In the psychological theory of Carl Jung, metanoia denotes a process of reforming the psyche as a form of self healing, a proposed explanation for the phenomenon of psychotic breakdown. Here, metanoia is viewed as a potentially productive process, and therefore patients’ psychotic episodes are not necessarily always to be thwarted, which may restabilize the patients but without resolving the underlying issues causing their psychopathology.”

I was fascinated with this concept. I like that it is forward-moving and not punitive. I also identified with Jung’s theory that break downs can have their purpose. I think our society is so quick to “medicate and placate” serious emotional breaks that could go either way – situations that could be break downs or break throughs aren’t allowed to run their own course because medication is more convenient.

Of course, I’m talking here about incidents that involve relatively “normal” people who are going through episodes rather than the seriously mentally ill who have a history of behavior that demonstrates they must be medicated for their own protection or the protection of others.

I actually had a bit of a nervous breakdown back in November that I believe was sleep deprivation induced and postpartum related. (Plus some bi-polar tendencies for good measure…)

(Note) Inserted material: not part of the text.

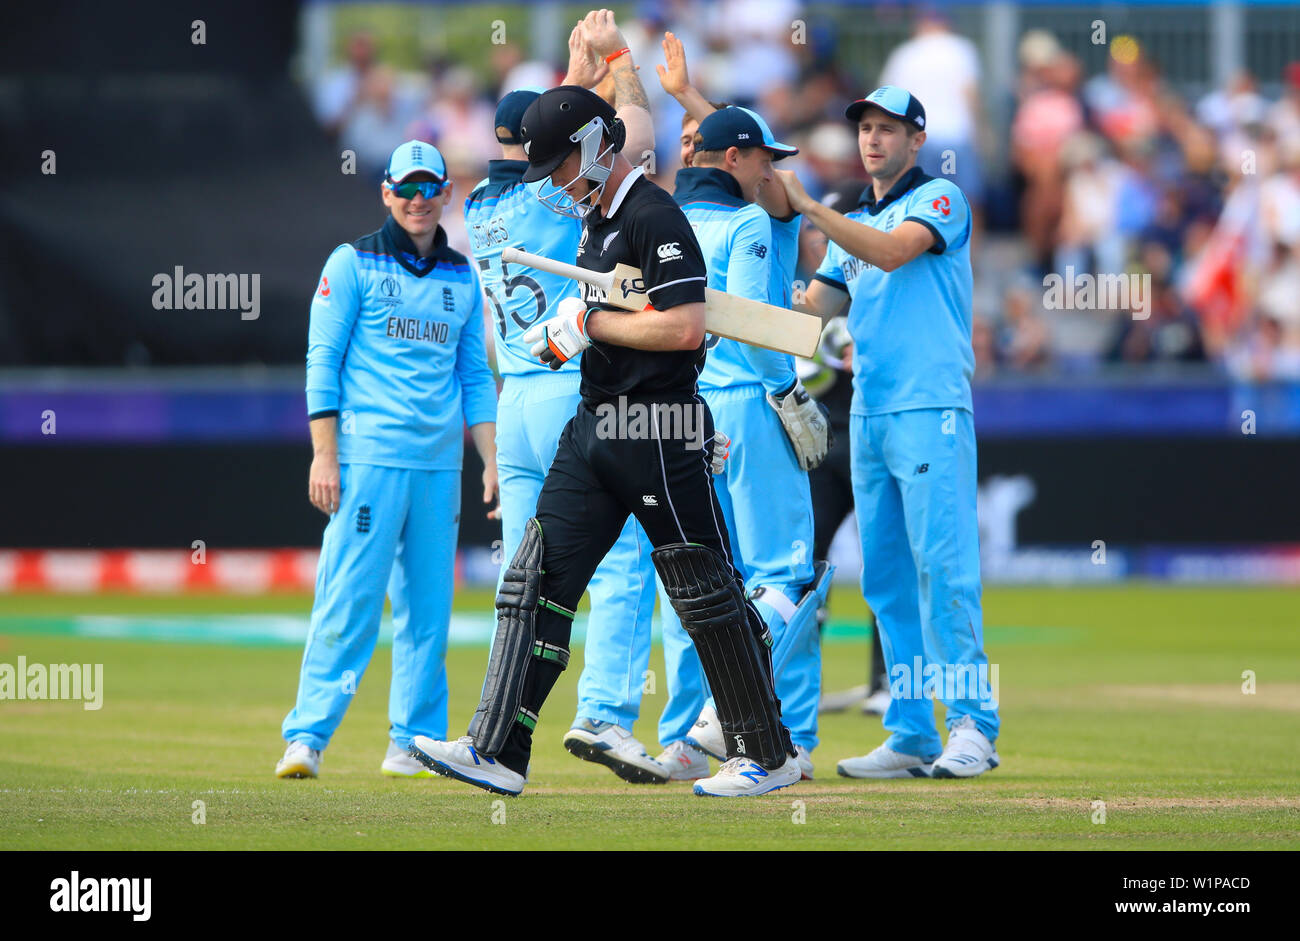 New Zealand's Jimmy Neesham after being bowled out by England's Mark Woods during the ICC cricket World Cup group stage match at Riverside Durham, Chester-le-Street. Stock Photo

But what bothered me about the medical care that I was given is that instead of looking into my background and realizing that I had no history of serious mental health issues, I was immediately medicated with very strong doses of about five drugs!

I was so freaked out by the whole experience that I went along with what the doctor recommended instead of doing my own research/trusting my own gut feeling that I didn’t need the medication. The main reason I feel this way is that I have been sober from alcohol for a while and being on meds didn’t feel right. It felt dependent. Others might argue differently. The doctor certainly did! So, I took the medications for a couple of months.

Consequently, I had to wean my son from breastfeeding at 7 months when I’d planned to wean him at a year. That upset me terribly. But, I’m trying to forgive myself and let go of it. All things work together for good and there must be some higher reason that I’m not yet aware of. His teeth were coming in fast and furiously so perhaps I would have lost a nipple! Hahah!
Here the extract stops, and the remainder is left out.